# Why can't I pay for my membership using my PayPal balance?



## Bryanmc (Sep 5, 2000)

I'm trying to renew my membership to TCF but when I try to pay it's forcing me to do an eCheck or debit card payment from my bank account. I don't want to do that, I want to pay with my PayPal balance, but I can't seem to do that.

Anyone else have this issue? How do I fix it?


----------



## Bryanmc (Sep 5, 2000)

So....just uninterested in my money, huh?


----------



## Peter Redmer (Jan 2, 2008)

Hello Bryan,

I'll look into this and see if there's something we can do. I'll be in touch soon, and thanks for letting us know.


----------



## Bryanmc (Sep 5, 2000)

Thanks!


----------



## Peter Redmer (Jan 2, 2008)

Hey Bryan, I investigated this further and discovered that the initial payment must be by instant transfer, and future payments will be drawn from your existing PayPal balance.

I'll PM you directly with more details, we can accept an alternate PayPal payment to allow you to draw from your existing balance, but that isn't how we would normally do it 

Hope this helps.

Pete


----------



## Bryanmc (Sep 5, 2000)

Well, I was a member and am not sure why it didn't renew from my PayPal balance.

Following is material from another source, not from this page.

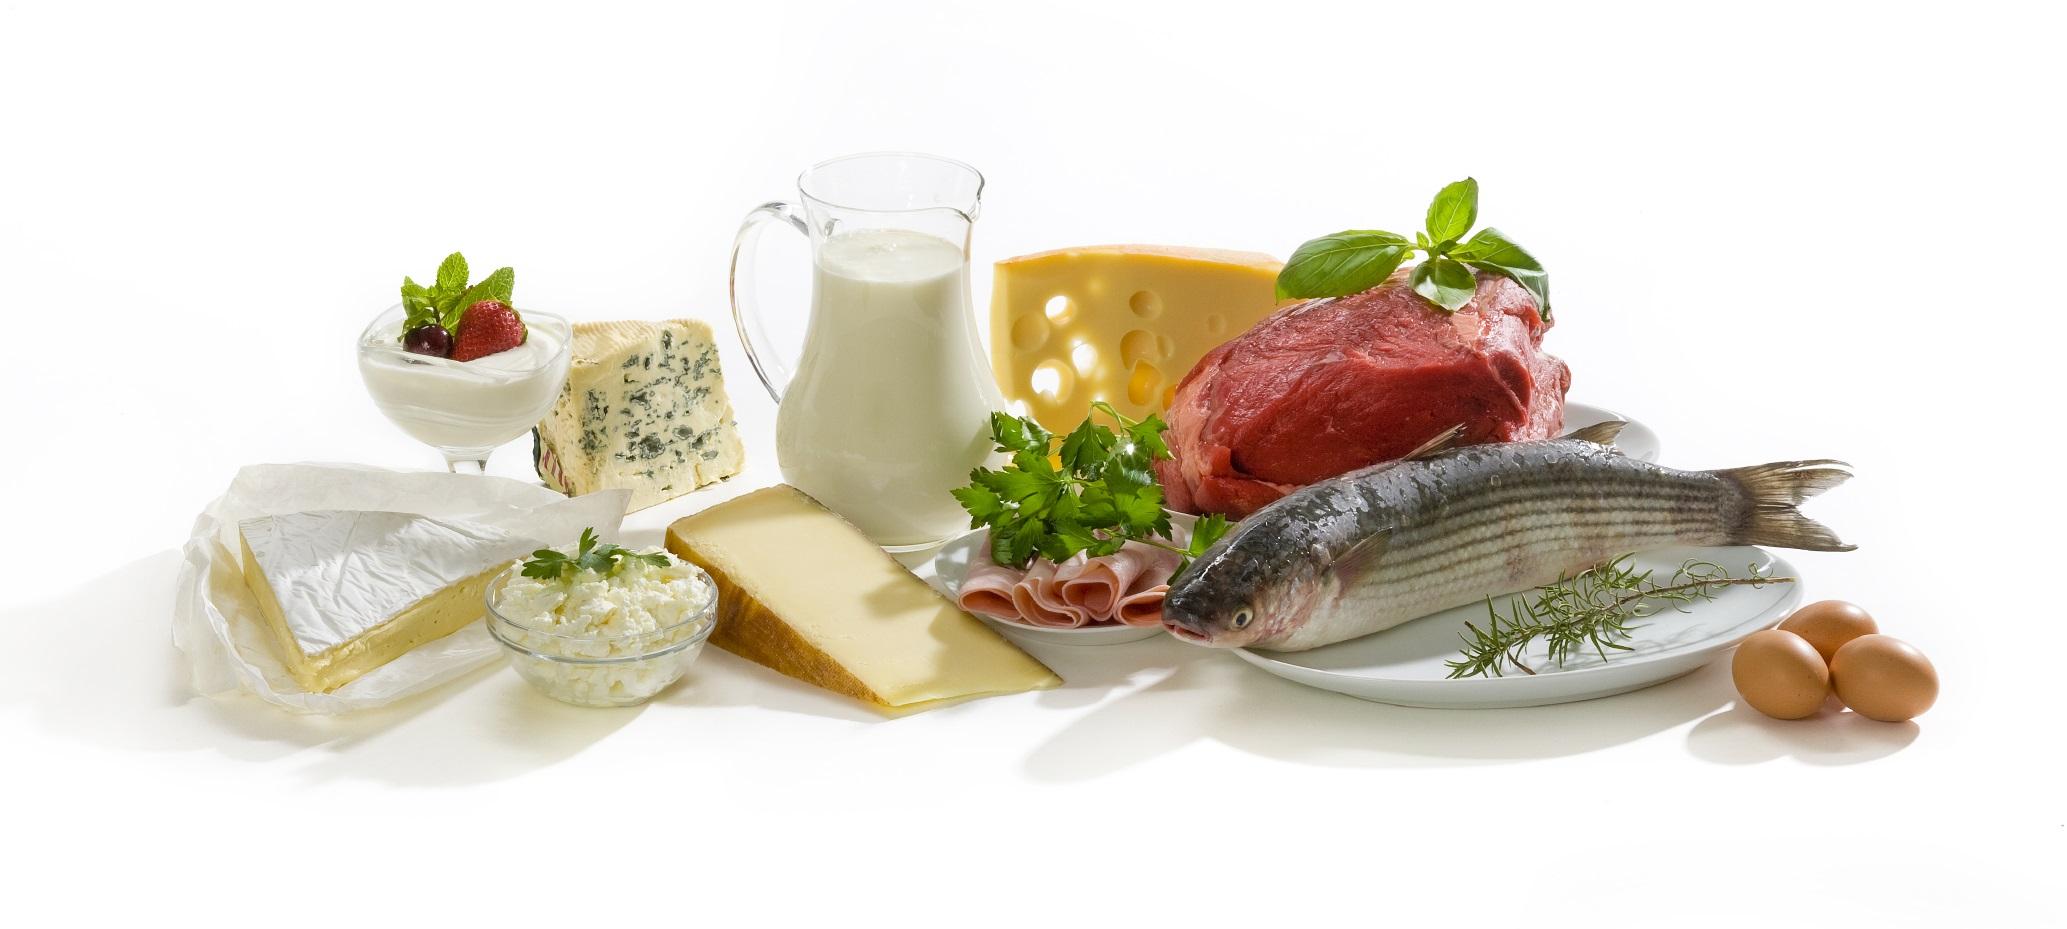 Pedoman Diet untuk Penderita Batu Ginjal

You won't be able to PM me since I'm over the 150 limit for non-members, but if you want to email me you can at bryanmc @ gmail.com

Thanks!


----------



## Peter Redmer (Jan 2, 2008)

Sure - I'll do that. If you were on the "Old TC Club" then you were not on an auto-renew subscription, which would explain why it didn't do it automatically this time around. Because of that, it's considered an "initial" subscription even though you were a former member, since the club terms changed.

Furthermore, we feel that members should be able to pay with their existing balance on an "initial" subscription as well so I'm going to be looking into ways we can do that. Thanks again for bringing it to our attention.

Pete


----------